Okay, here's one final throw of the dice! Here are all of my commands that led up to the cluster3 step. I was using the mm9 genome, and in this example I allude to just 2 sample tag directories: MySampleTags/ and MyInputControlTags/

#Alignment
bowtie2 -p 7 -x mm9 -U MySample.fastq.gz > MySample.sam

#Remove PCR duplicates
samtools view -bS MySample.sam > MySample.bam
samtools sort MySample.bam MySample_Sorted
java -jar picard.jar MarkDuplicates INPUT=MySample_Sorted.bam OUTPUT=MySample_Sorted_PCRDuped.bam ASSUME_SORTED=true METRICS_FILE=MySample_Sorted_PCRDuped.txt VALIDATION_STRINGENCY=SILENT
samtools view -b -F 0x400 MySample_Sorted_PCRDuped.bam > MySample_Sorted_PCRDupesRemoved.bam
samtools index MySample_Sorted_PCRDupesRemoved.bam
samtools view -h MySample_Sorted_PCRDupesRemoved.bam > MySample_Sorted_PCRDupesRemoved.sam

#Make tag directory
makeTagDirectory MySampleTags/ MySample_Sorted_PCRDupesRemoved.sam -unique -mapq 30 -genome mm9 -checkGC -normGC default -precision 3

#Remove out of bounds reads (optional)
perl removeOutOfBoundsReads.pl MySampleTags/ mm9

#Identify peaks
findPeaks MySampleTags/ -i MyInputControlTags/ -gsize 3500000000 -style histone -size 1500 -minDist 15000 -region -nfr -fdr 0.00001 -F 2 -P 0.0001 -o MySampleTags/MySample_FinalPeaks.txt

#Annotate the peaks
perl annotatePeaks.pl MySampleTags/MySample_FinalPeaks.txt mm9 -annStats MySampleTags/MySample_FinalPeaks_AnnotStats.txt > MySampleTags/MySample_FinalPeaks_Annot.txt

#Plotting tag densities around defined peaks
perl annotatePeaks.pl MySampleTags/MySample_FinalPeaks.txt mm9 -size 15000 -hist 100 -norm 1000000 -d MySampleTags/ MyInputControlTags/ > PeaksDensities.txt

#Plot a 'blueprint' of the data, then cluster using Cluster 3.0 (sudo apt-get install cluster3) with Spearman rank correlation values and centroid linkage, and finally view in TreeView
perl annotatePeaks.pl MySampleTags/MySample_FinalPeaks.txt mm9 -size 2000000 -hist 5000 -norm 1000000 -ghist -d MySampleTags/ MyInputControlTags/ > HeatmapBlueprint.txt
cluster3 -f HeatmapBlueprint.txt -g 2 -m c
cluster3 -f HeatmapBlueprint.txt -k 10

ADD REPLY • link 7.2 years ago by Kevin Blighe 88k

0

Entering edit mode

Thanks a ton!

I will try your commands.
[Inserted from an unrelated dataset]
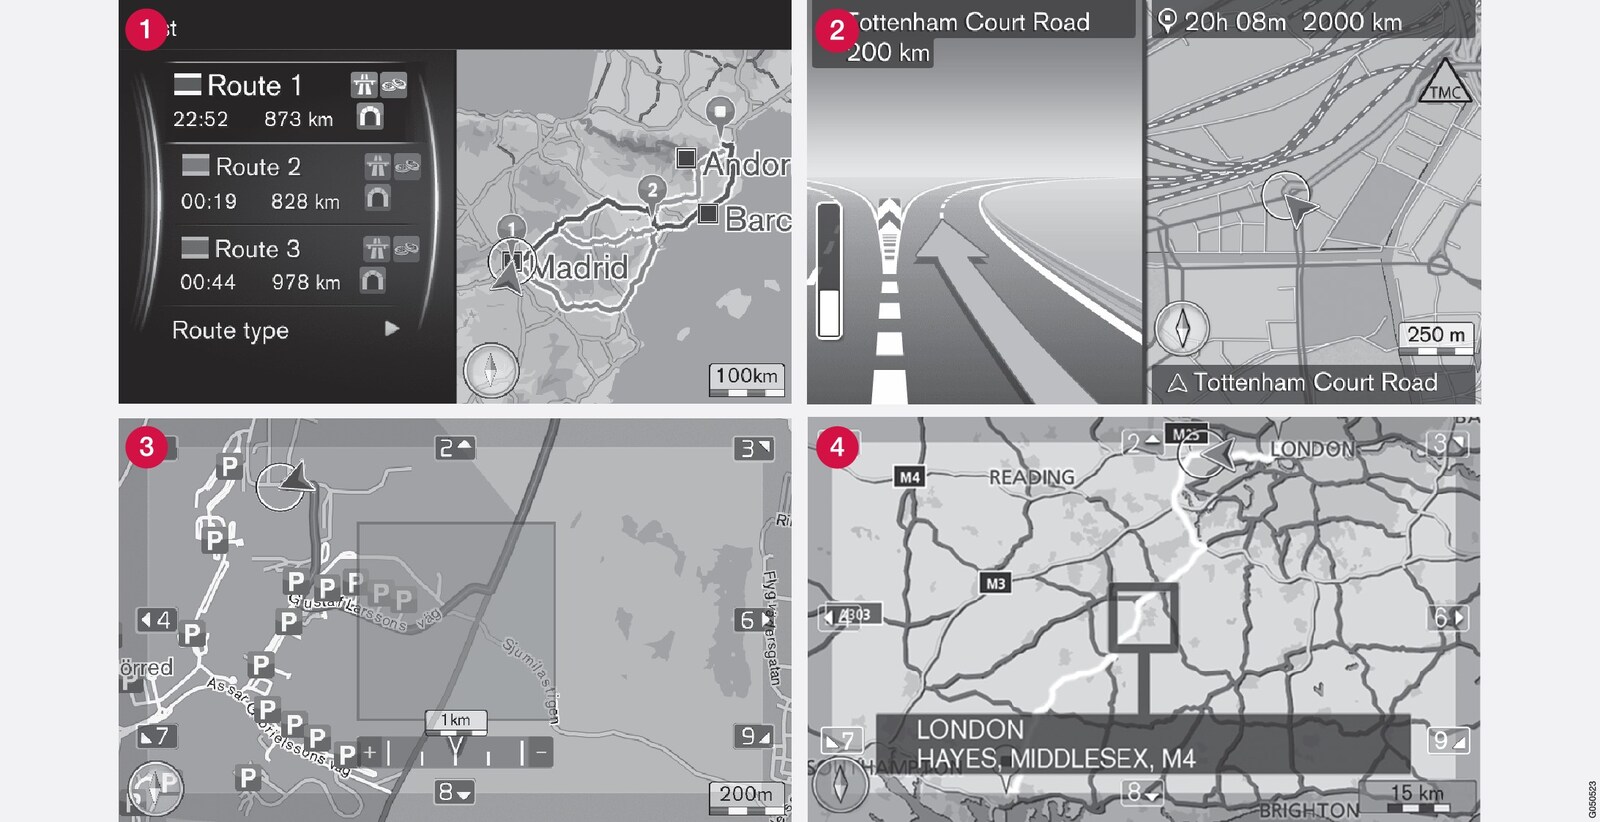 目前位置的地圖影像範例。螢幕可顯示的畫面包括旅程、路口地圖和卷軸模式等等。注意：圖示僅為概略性質 - 細節可能因軟體版本及所屬市場而異。

I am also working on DeepTools. Hopefully, either one will work. Cheers!!

ADD REPLY • link 7.2 years ago by Seq225 ▴ 110

1

Entering edit mode

No problem. I really like Homer but I also found it difficult to follow and piece together a working pipeline. I spent many long days skipping lunch with my head buried into my laptop.

Good luck!

ADD REPLY • link 7.2 years ago by Kevin Blighe 88k

0

Entering edit mode

@Kevin how do i see the occupancy of a gene with its target genes from this homer analysis ,idea is to see the occupancy of a gene to its target genes upstream and downstream of the TSS like 500 or 1000 bp

can you give me some direction ? how do i proceed after doing the peak annotation

ADD REPLY • link 5.7 years ago by 1769mkc ★ 1.2k

1

Entering edit mode

Hey krushnach, what was your ChIP-seq target? - a transcription factor? If you have your peaksalready identified, then you could literally just add 500 or 1000 to the start and end co-ordinates and then annotate that.